Tuesday, February 21, 2012

Is it Spring?

The farm was so
familiar, and fecund, and full
of chicken deaths (we have a red tail hawk who has made our chicken run into a daily snack bar) and dogs and Gil's BIG flat screen TV (beloved as an inspiration for a couch nap).
We want to be back there, and will be, God willing, this Friday afternoon.
Monday's lab were the same old red blood 9.1 (no transfusion) platelets 12 (yes a bag) IGG still slightly creeping downward. On Thursday Dr Callander will do a bone marrow biopsy and see if Gil has enough cells to do the hard work of replacing his own blood cells. Not clear what all the options are if he doesn't.
But anyway you look at it, we're moving forward.
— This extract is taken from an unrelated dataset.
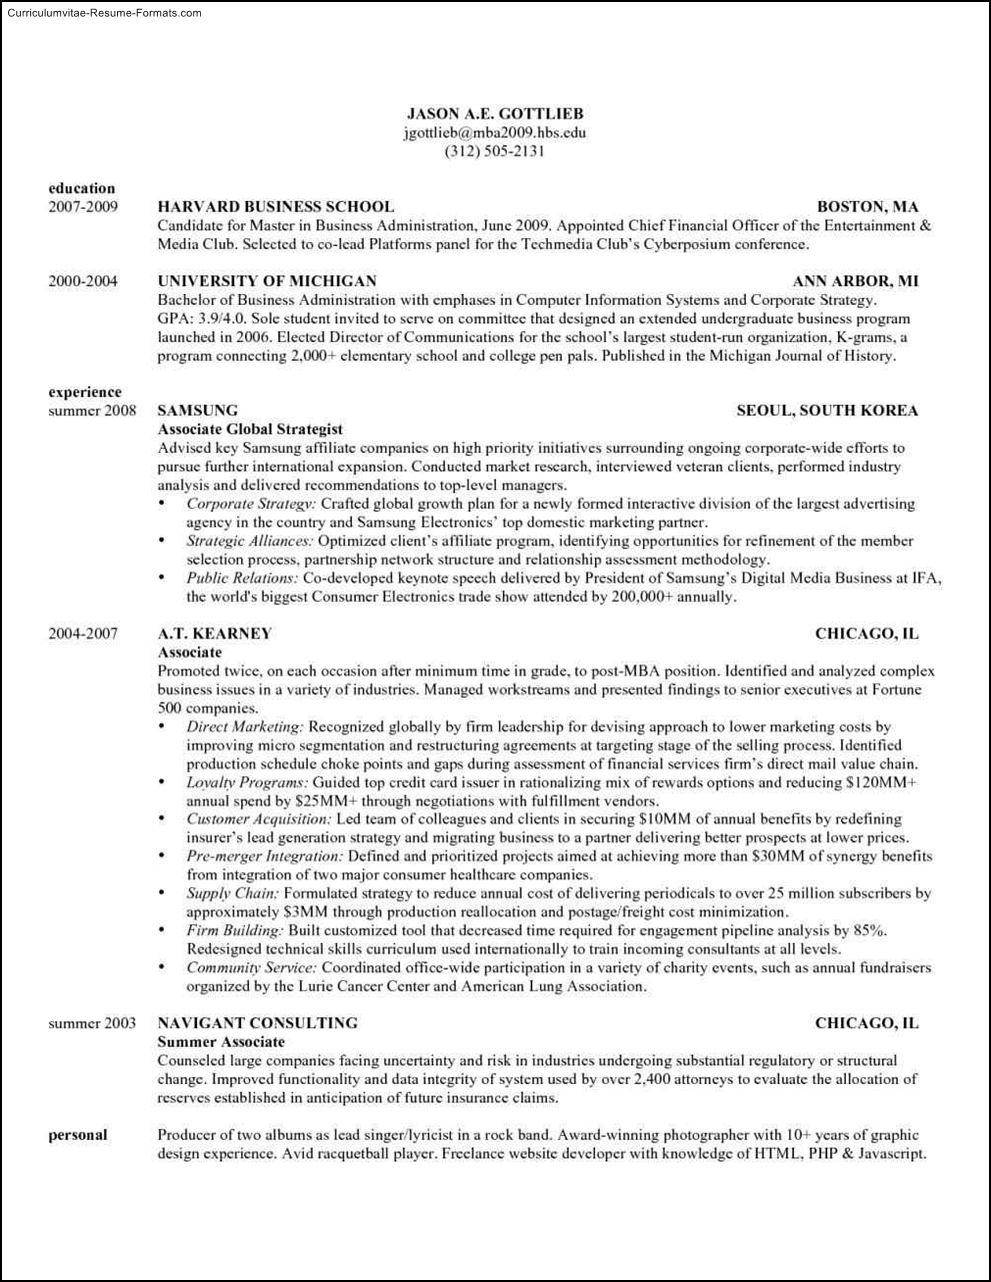 resume template harvard university

We're considering buying a new Prius this May instead of next fall as planned, so that the guy can revel in the new car smell and drama. He's off playing pool with his old buddies for the first time in a loong while, and getting more stable on his feet if not always his sense of where and when he is.
It feels like an emotional season of March, which has always been my favorite. March feels like the emergence of possibilities, the revelation of what has been hidden under the snow, the beginning of who knows what?
Amongst the poetry that folks have shared, one stands out, by Mary Oliver

When Death Comes

When death comes

like the hungry bear in autumn;

when death comes and takes all the bright coins from his purse

to buy me, and snaps the purse shut;

when death comes

like the measle-pox;

when death comes

like an iceberg between the shoulder blades,

I want to step through the door full of curiosity, wondering:

what is it going to be like, that cottage of darkness?
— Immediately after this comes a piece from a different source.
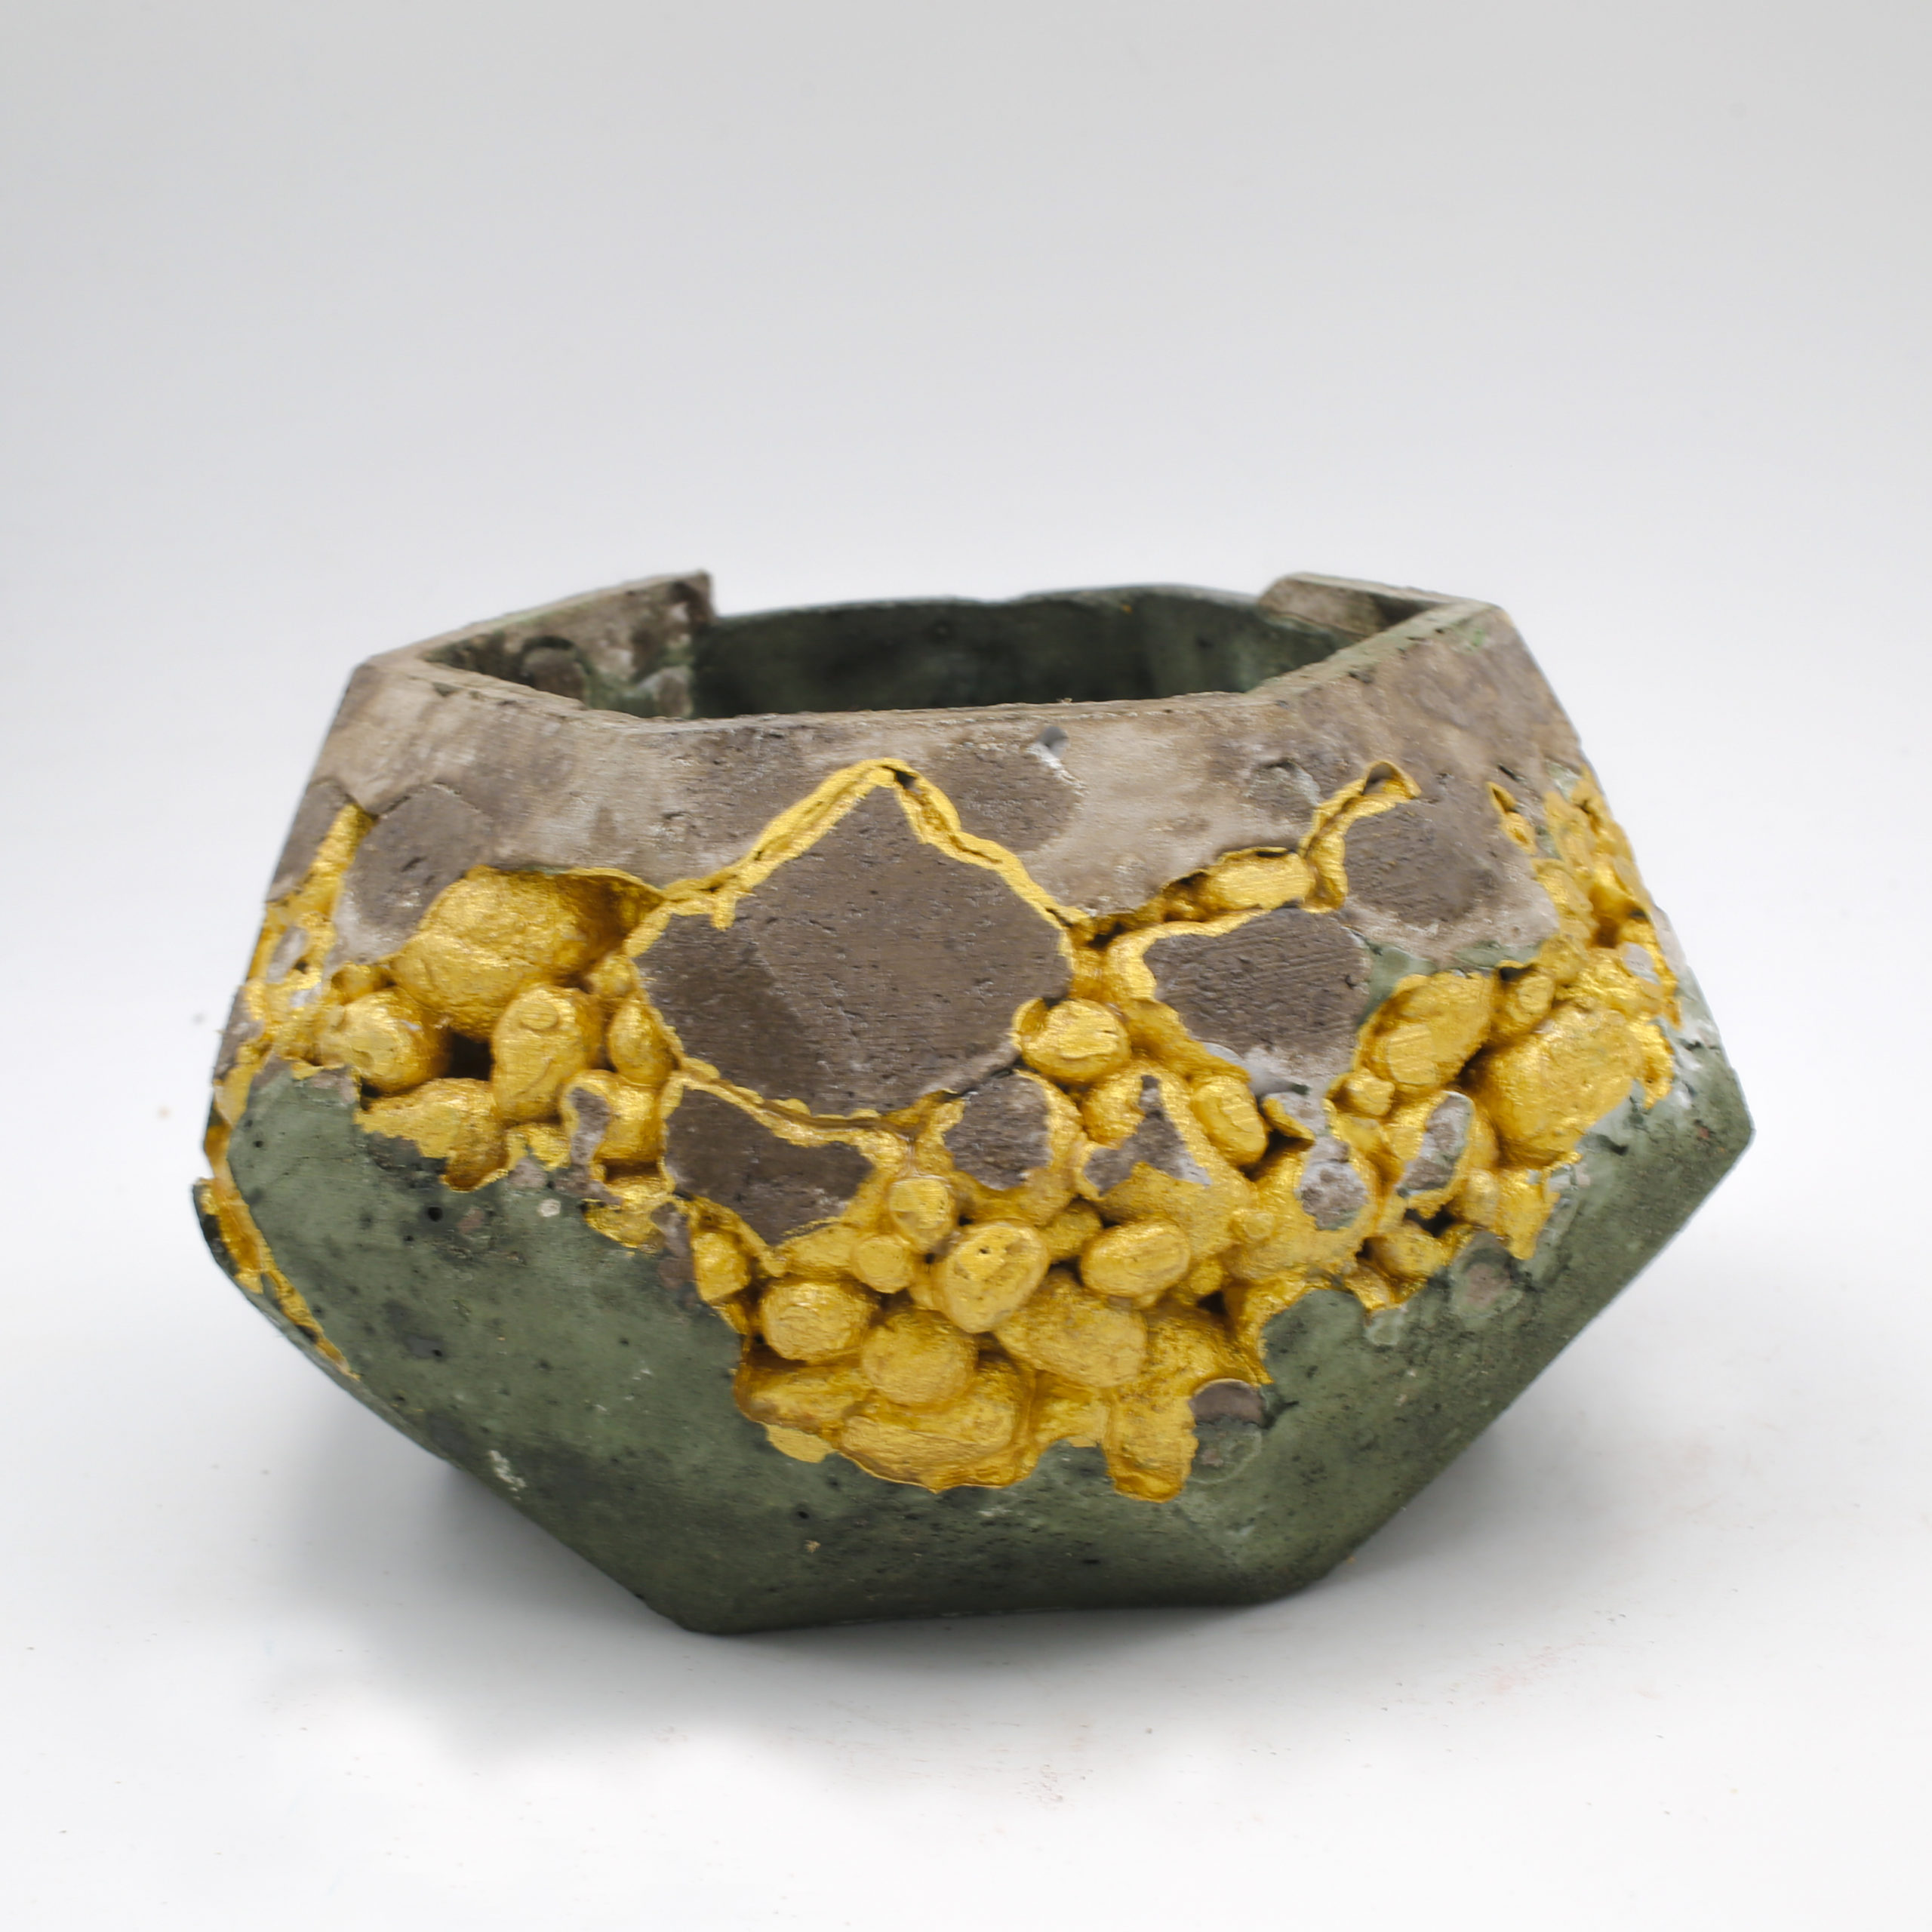 Concrete Planter pot kintsugi green with gold structure, octogonal shape, handmade in Berlin.

And therefore I look upon everything

as a brotherhood and a sisterhood,

and I look upon time as no more than an idea, and I consider eternity as another possibility,

and I think of each life as a flower, as common

as a field daisy, and as singular,

and each name a comfortable music in the mouth,

tending, as all music does, toward silence,

and each body a lion of courage, and something

precious to the earth.

When it’s over, I want to say: all my life

I was a bride married to amazement.

I was the bridegroom, taking the world into my arms.

When it’s over, I don’t want to wonder

if I have made of my life something particular, and real.

I don’t want to find myself sighing and frightened,

or full of argument.

I don’t want to end up simply having visited this world.